DATASET EXTRACT.
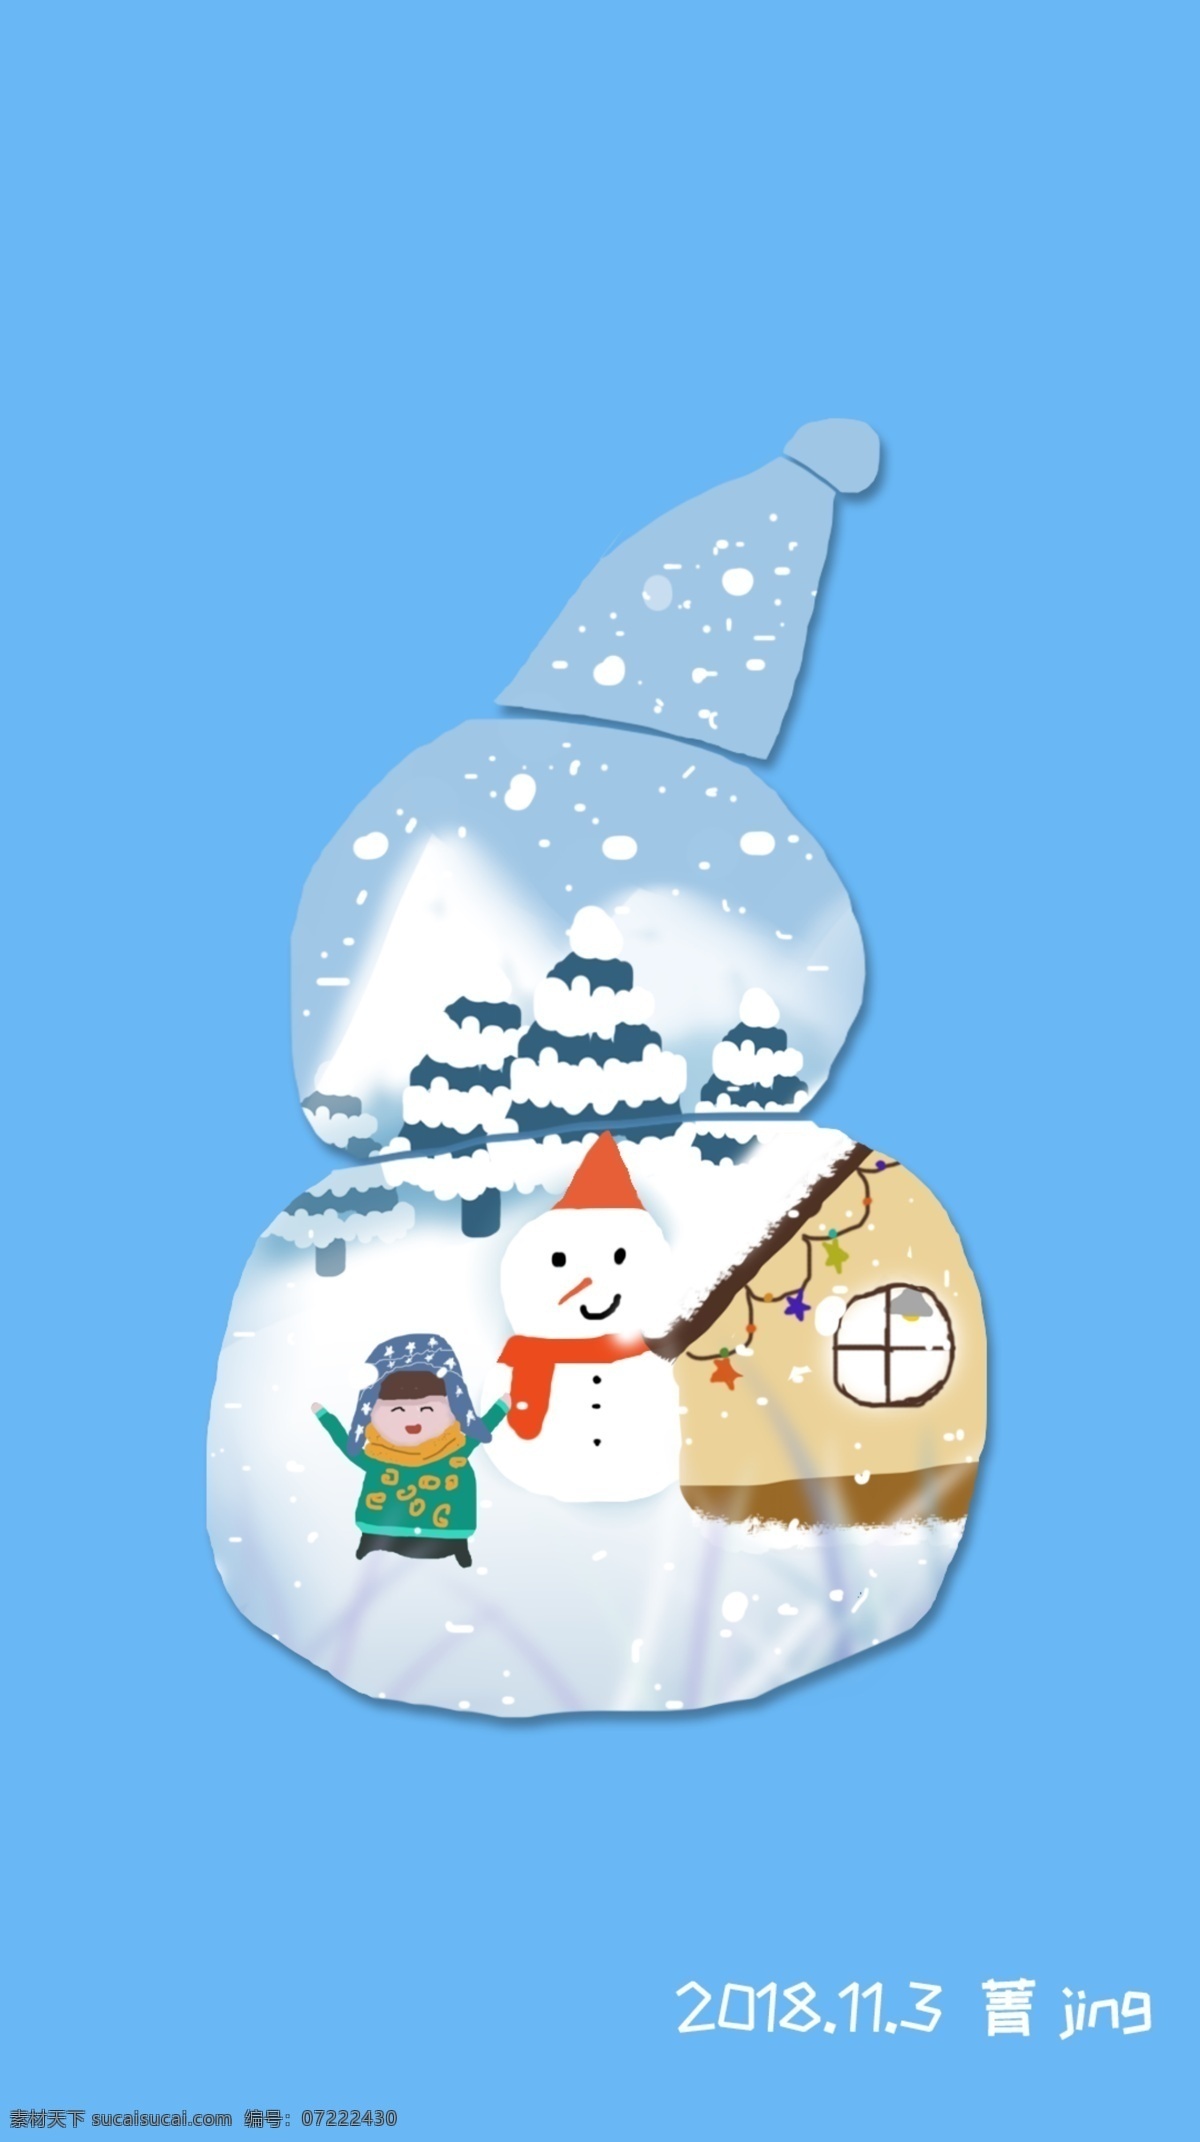 雪人 小 房子 卡通 小人 模板 下雪 小雪人
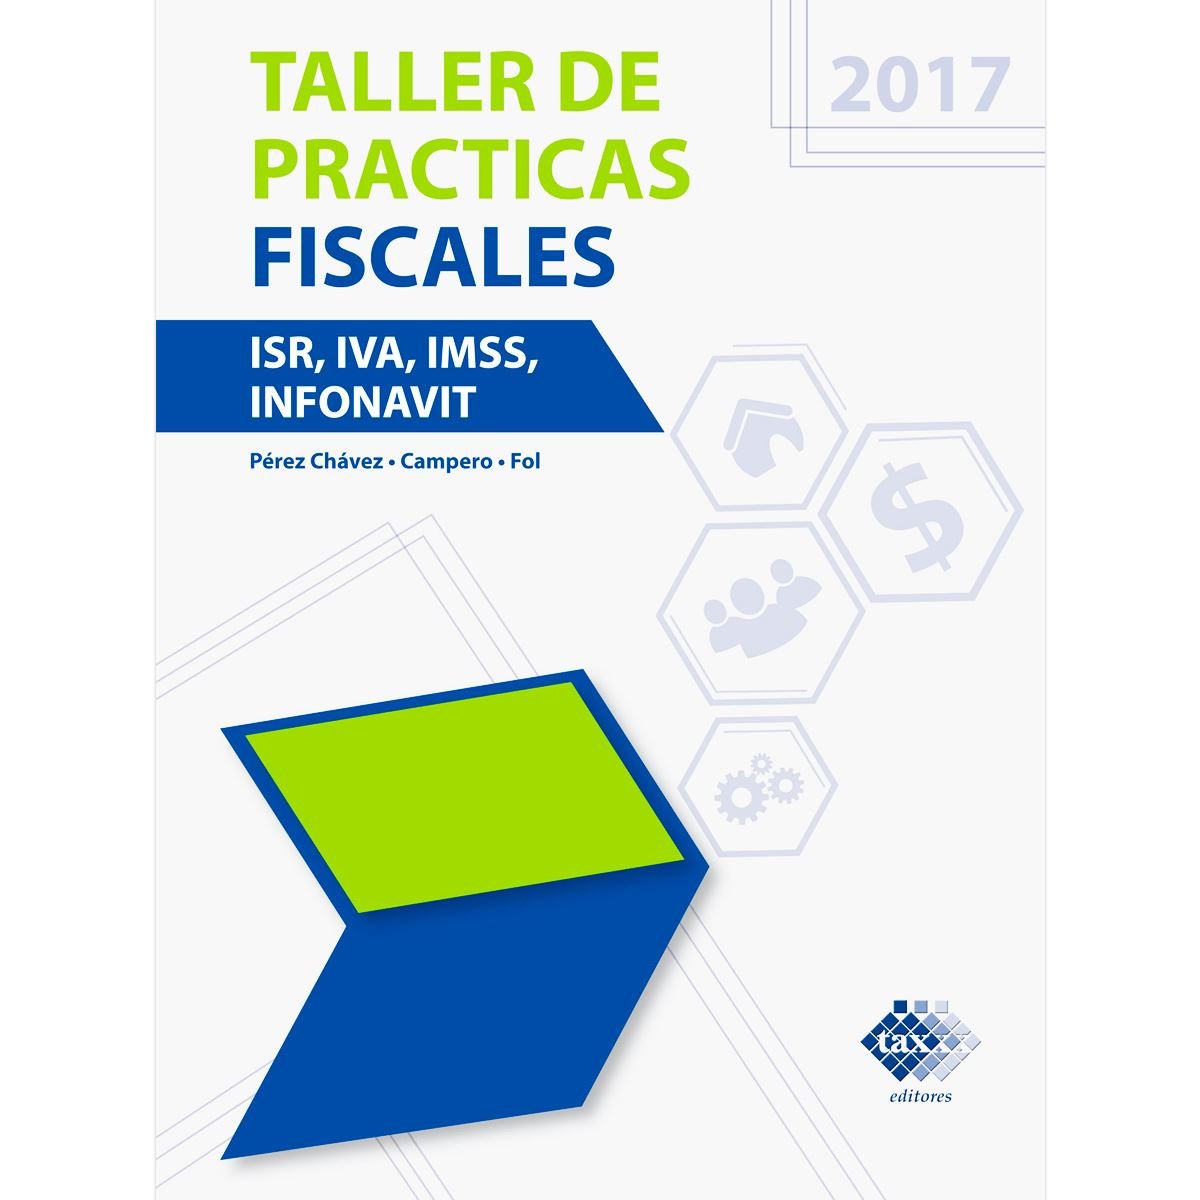 Taller de Practicas Fiscales. ISR, IVA, IMSS Infonavit 2017
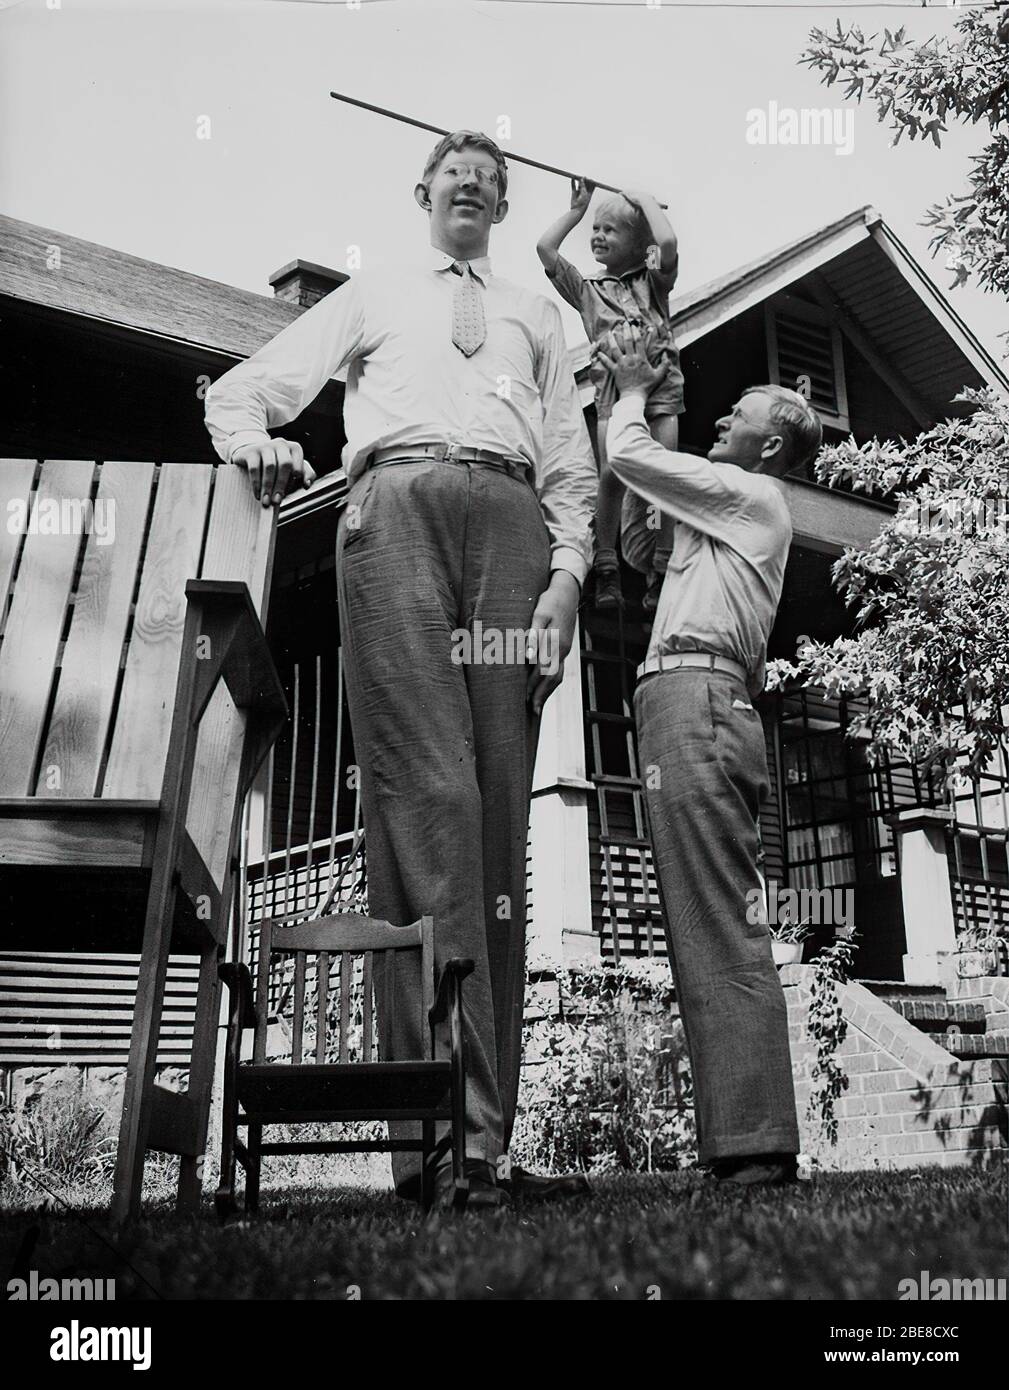 Le 22 février 1918, Robert Wadlow est né à Alton (USA). Le nourrisson était de taille moyenne et il n'y avait aucune indication que dans l'avenir il serait l'homme le plus haut du monde. À l'âge de 22 ans, il atteint une hauteur colossale de 272 cm. L'américain était également propriétaire des plus grands pieds de l'histoire. Ses chaussures étaient de taille 75 ! Banque D'Images

WORK INSTRUCTIONS. Without including any pictures, copy every line above exactly.

WRITTEN SOLUTION.
 雪人 小 房子 卡通 小人 模板 下雪 小雪人
 Taller de Practicas Fiscales. ISR, IVA, IMSS Infonavit 2017
 Le 22 février 1918, Robert Wadlow est né à Alton (USA). Le nourrisson était de taille moyenne et il n'y avait aucune indication que dans l'avenir il serait l'homme le plus haut du monde. À l'âge de 22 ans, il atteint une hauteur colossale de 272 cm. L'américain était également propriétaire des plus grands pieds de l'histoire. Ses chaussures étaient de taille 75 ! Banque D'Images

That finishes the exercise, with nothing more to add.